To use word-based features, we need to segment the statuses into words. There are lots of Chinese word segmentation tools; however, many are unsuitable for online social media text; we compared Pymmseg,^{Footnote 6} Smallseg ^{Footnote 7} and Stanford Chinese Word Segmenter,^{Footnote 8} which all appeared to give reasonable results. Pymmseg uses the MMSEG algorithm [38]. Smallseg is an open sourced Chinese segmentation tool based on DFA. Stanford Segmenter is CRF-based [39].

3.4 Corpus Analysis

Our corpus contains 1,027,853 Weibo statuses with emotion labels; Table 3 shows statistics. The number of Weibo statuses varied with the popularity of labels themselves: labels for happiness and sadness are much more frequent than others; very similar results were observed on English Twitter (see e.g., [31]), suggesting that these frequencies are relatively stable across very different languages.

Table 3 Number of Weibo statuses per emotion class

Full size table

Overall frequencies show that users of Weibo are more likely to use built-in smilies rather than emoticons. One possible reason is that smilies can be inserted with a single mouse click, whereas emoticons must be typed using several keystrokes—Eastern-style emoticons are usually made of five or more characters.

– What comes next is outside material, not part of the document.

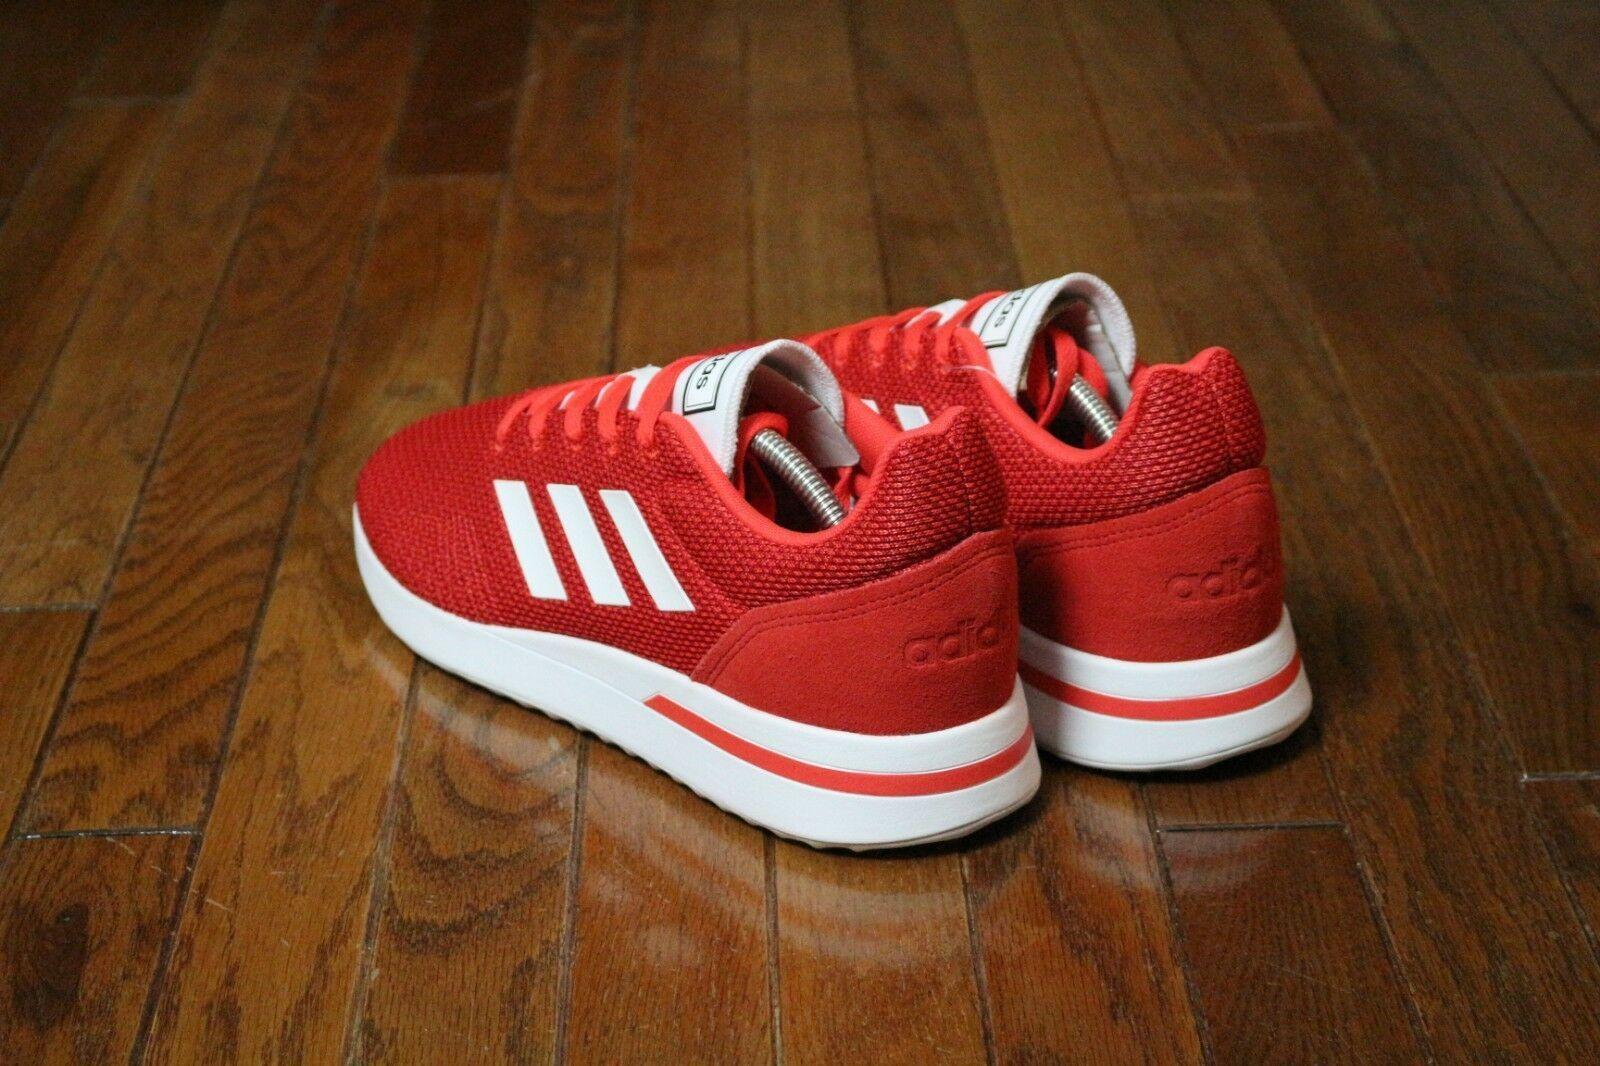 Adidas Men's Size 10.5 Essentials Run70s Running Shoe B96556 Red

4 Experiments and Discussions

Machine learning techniques have been shown to be effective for traditional text classification and sentiment analysis. Here, we use Support Vector Machines (SVMs) [42], a state-of-the-art supervised kernel method. The basic idea is to find a maximum-margin hyperplane—a hyperplane that can separate two different classes correctly, and simultaneously maximize the margin (or the distance) between that hyperplane and other “difficult points” close to the hyperplane. These “difficult points” are called support vectors, and the decision function is fully specified by these support vectors. New testing examples are then assigned to one side of the hyperplane. Classifiers trained using SVMs have been shown to have better performance than other classifiers: Joachims [22] proved that SVMs consistently achieved good performance on text categorization tasks and outperformed other methods substantially and significantly; Pang et al. [28] applied different machine learning methods to detect the polarity of movie reviews. By evaluating three machine learning methods: Naïve Bayes (NB), Maximum Entropy (ME) and SVMs, they showed that SVMs had the best performance and NB turned out to be the worst. SVMs are good for high-dimensional feature spaces [22], while, other classifiers are training expensive when dealing with a large number of features.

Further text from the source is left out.